JavaScript, Ruby, and C


I first learned to program in TI-BASIC on the TI-83+ when I was 13. Nothing fancy—I remember writing a number-guessing game and a program that momentarily made you think you’d cleared your calculator’s RAM (this involved replicating, pixel by pixel, the “RAM cleared” message screen). I don’t remember ever thinking “cool, I’m learning to program.” It was more like, “ha, I told my calculator to do something and it did it! What a chump!”

Around the same time, I taught myself HTML using a (then cutting-edge) software package called Visual Page. It was sort of like Adobe Dreamweaver (then Macromedia Dreamweaver), and I learned a lot by being able to write some HTML and then immediately see the result. Again, I didn’t think I was learning anything important. I was just making yet another Dragon Ball Z fan site.

So when I started learning JavaScript in late 2011 with a clear goal of really learning to program, I was surprised by how intuitive I found some of the concepts and syntax. I figure a lot of this was internalized when I was messing around with TI-BASIC (and, now that I think of it, when I learned a bit of Logo from my friend’s dad in elementary school). This is one of the main reasons I think introductory computer programming should be taught in elementary school, but that’s for a future post. But what about for people who really are total beginners, those who are learning to program later in life? What should they start with and how should they proceed?

Over the past year and a half, I’ve come to know JavaScript, Ruby, and C fairly well, and I’ve learned a bit of Python, Haskell, and Clojure. I’m by no means a master of any of these languages, but I’ve used the first three to build a couple of projects (including this site), and I feel comfortable thinking in them (particularly Ruby). Having picked up a bunch of useful concepts and best practices from all of these languages, my advice for total beginners who want to eventually become competent programmers is to learn HTML/CSS and then spend time on JavaScript, Ruby, and C.

Why JavaScript?

Many would argue that JavaScript is not a good beginner’s language, and this is true for a lot of reasons. JavaScript’s ubiquity is orthogonal to its merits as a language, and there are a lot of wat moments.
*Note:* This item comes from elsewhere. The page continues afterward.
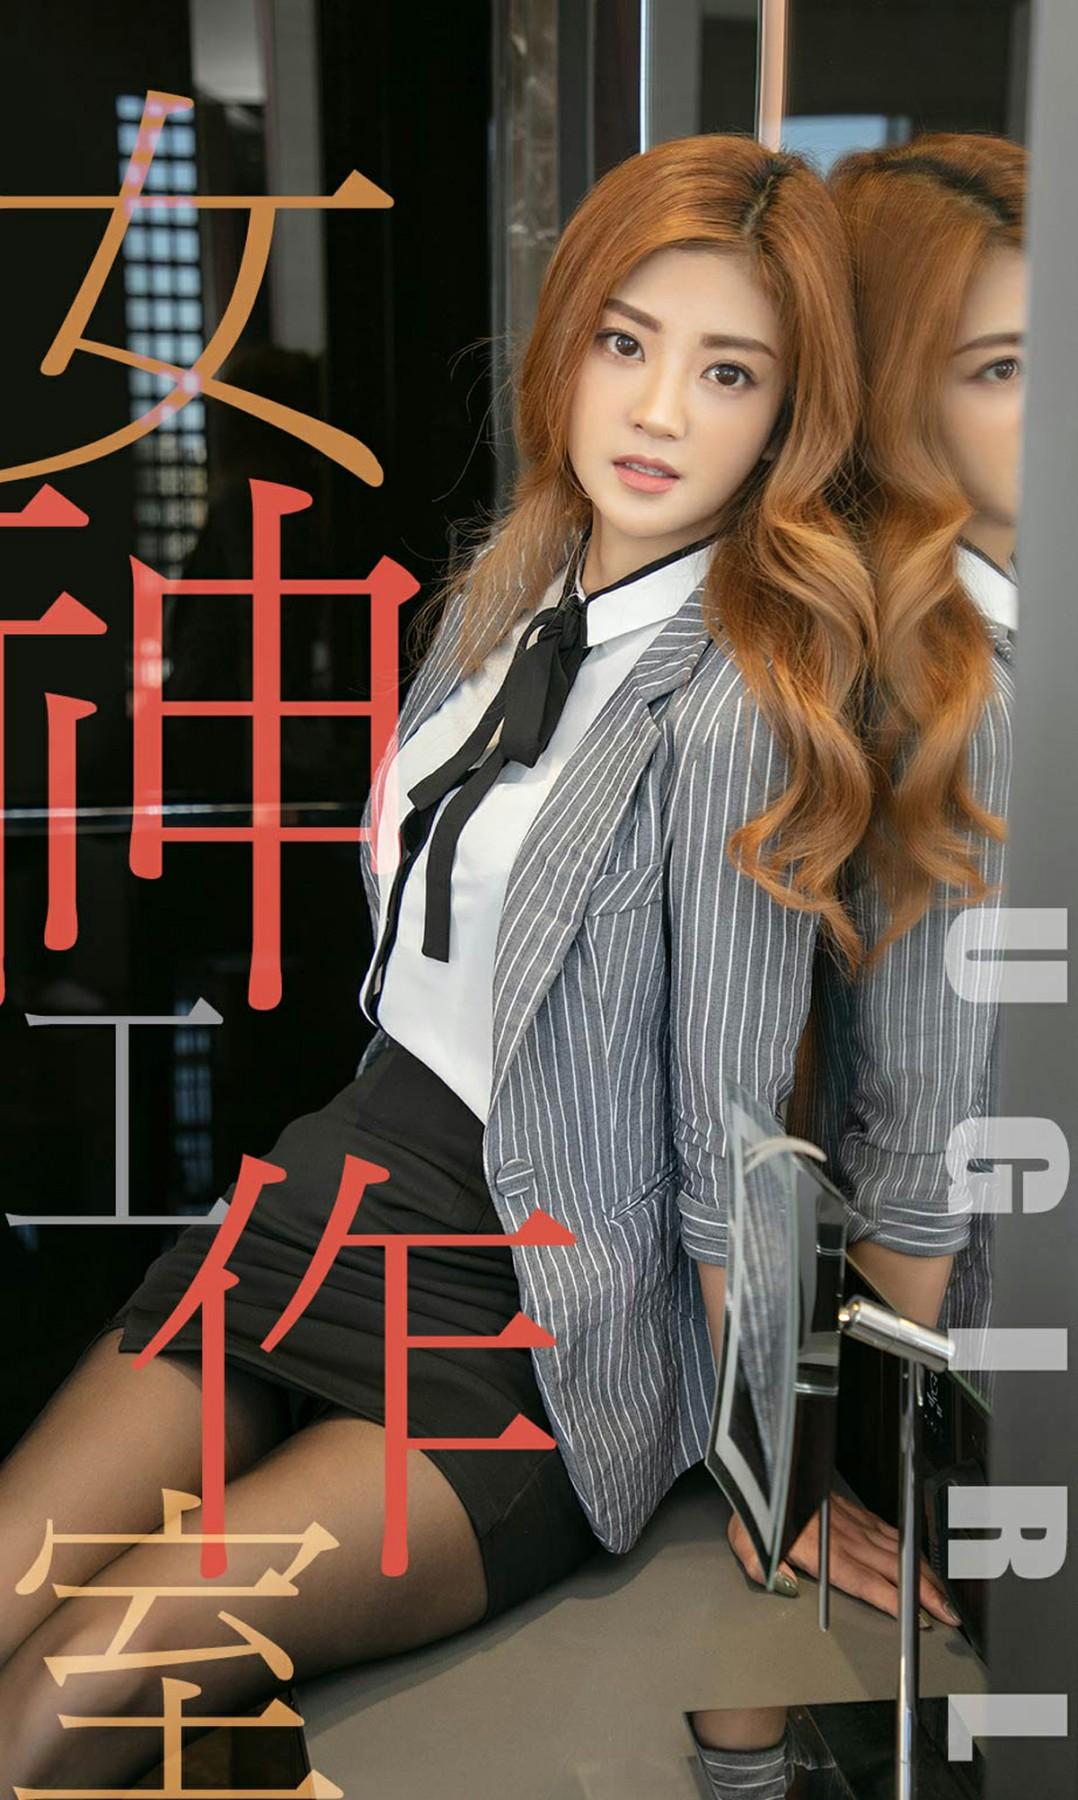 [Ugirls尤果网]爱尤物专辑 2019.06.21 No.1493 琳丽 女神工作室 [35P] 尤果网 第1张
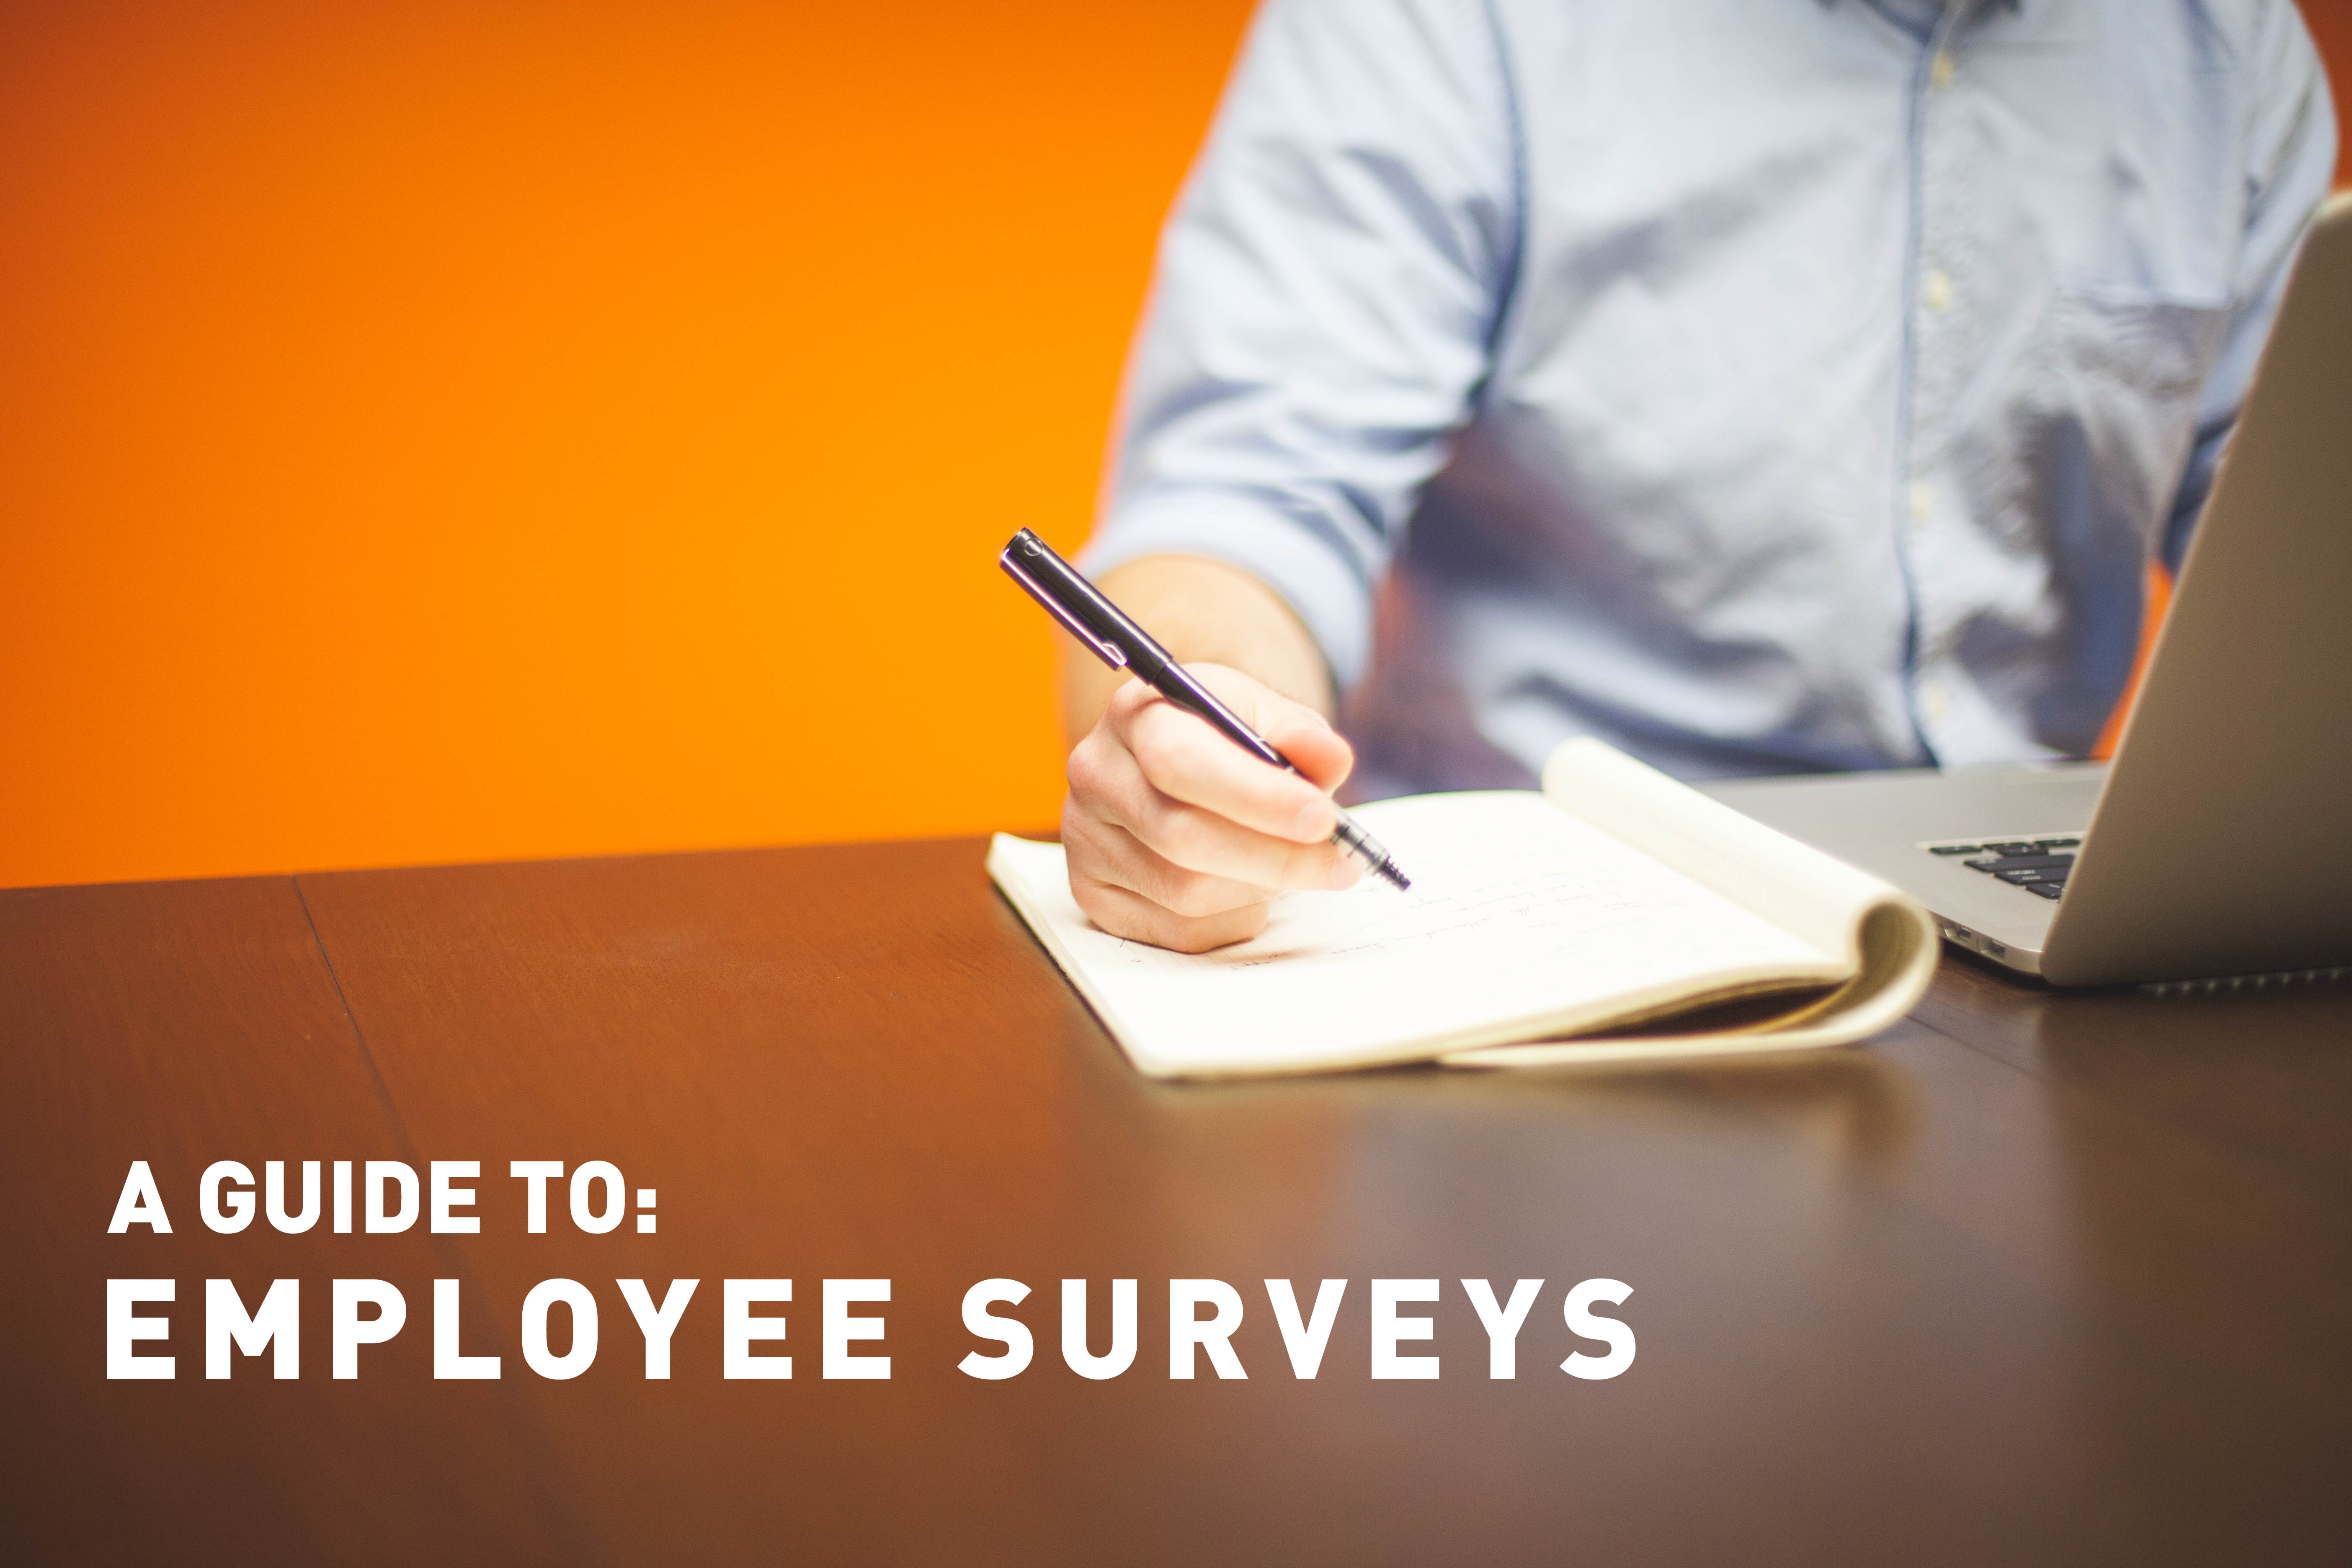 Guide_to_Employee_Surveys.jpg

That said, it’s all over the web, and if you want to write websites or web applications, you’ll probably need to know some JavaScript.

JavaScript’s syntax is very similar to C’s (see below), so the learning curve for one is mitigated by knowing the other (some will argue that point, but I’ve found it to be the case). The most important part of learning JavaScript, though—and this is something I didn’t recognize until I started learning more purely functional languages, like Haskell and Clojure—is its power as a functional language. Treating functions as the fundamental unit of JavaScript (as opposed to objects) allows you to write some really elegant code, and training yourself to think in functional (JavaScript), object-oriented (Ruby), and imperative (C) styles gives you that many more mental models and tools for solving future programming problems. (To be fair, JavaScript is fully object-oriented, but I’ve found its real power lies in a more functional approach to the language.)

Why Ruby?

As I mentioned above, Ruby is an object-oriented language, and its intuitive structure and clear syntax make it especially easy to learn. Want to print out “true” if a particular statement is true? puts "true" if 1 < 2 does the trick. The object-oriented paradigm is crucial for new programmers to understand, and I feel Ruby implements it particularly well (and without the verbosity of a language like Java or the perils of multiple inheritance permitted in languages like Python).

Though “Ruby” is often uttered in the same breath as “Rails”—and there’s surely utility in understanding and using the Ruby on Rails framework—the language is tremendously useful in its own right, and you can use it in any number of web application frameworks. Knowing JavaScript allows you to handle the frontend magic for your site or application, and Ruby is a great language for running the backend (whether you end up using Rails, Rack, Sinatra, Camping, &c).

Why C?

You can get pretty far with just JavaScript and Ruby: frontend and backend, functional and object-oriented, yin and yang. But if you want to write a Ruby extension or optimize a part of your codebase with a small, fast language, C is a great choice.

C has been around for 40+ years, so there’s a huge amount of information and tons of tried-and-true best practices available on the web (though my advice would be to read the canonical C Programming Language, often simply called “K&R”). If you want to learn to program really low-level stuff—managing your own memory, juggling pointers, creating the kinds of data structures other languages handle for you—you can’t beat C. Yes, equivalent code will be longer in C than in Ruby, but you’re not going to learn the ins and outs of data structures, algorithms, and memory management without learning a language like C. (I’m a particular fan of Mastering Algorithms with C, which also has a lot of useful C information and covers data structures, as well).

This ended up being a bit longer than I had intended, and while I’m somewhat evangelizing these particular languages, I want to stress that you should learn one language and learn it absurdly well, then branch out into others. In the long run, becoming a programming polyglot is invaluable, and you’ll find that being adept with a number of languages and paradigms will reward you over and over again in your work and your personal projects.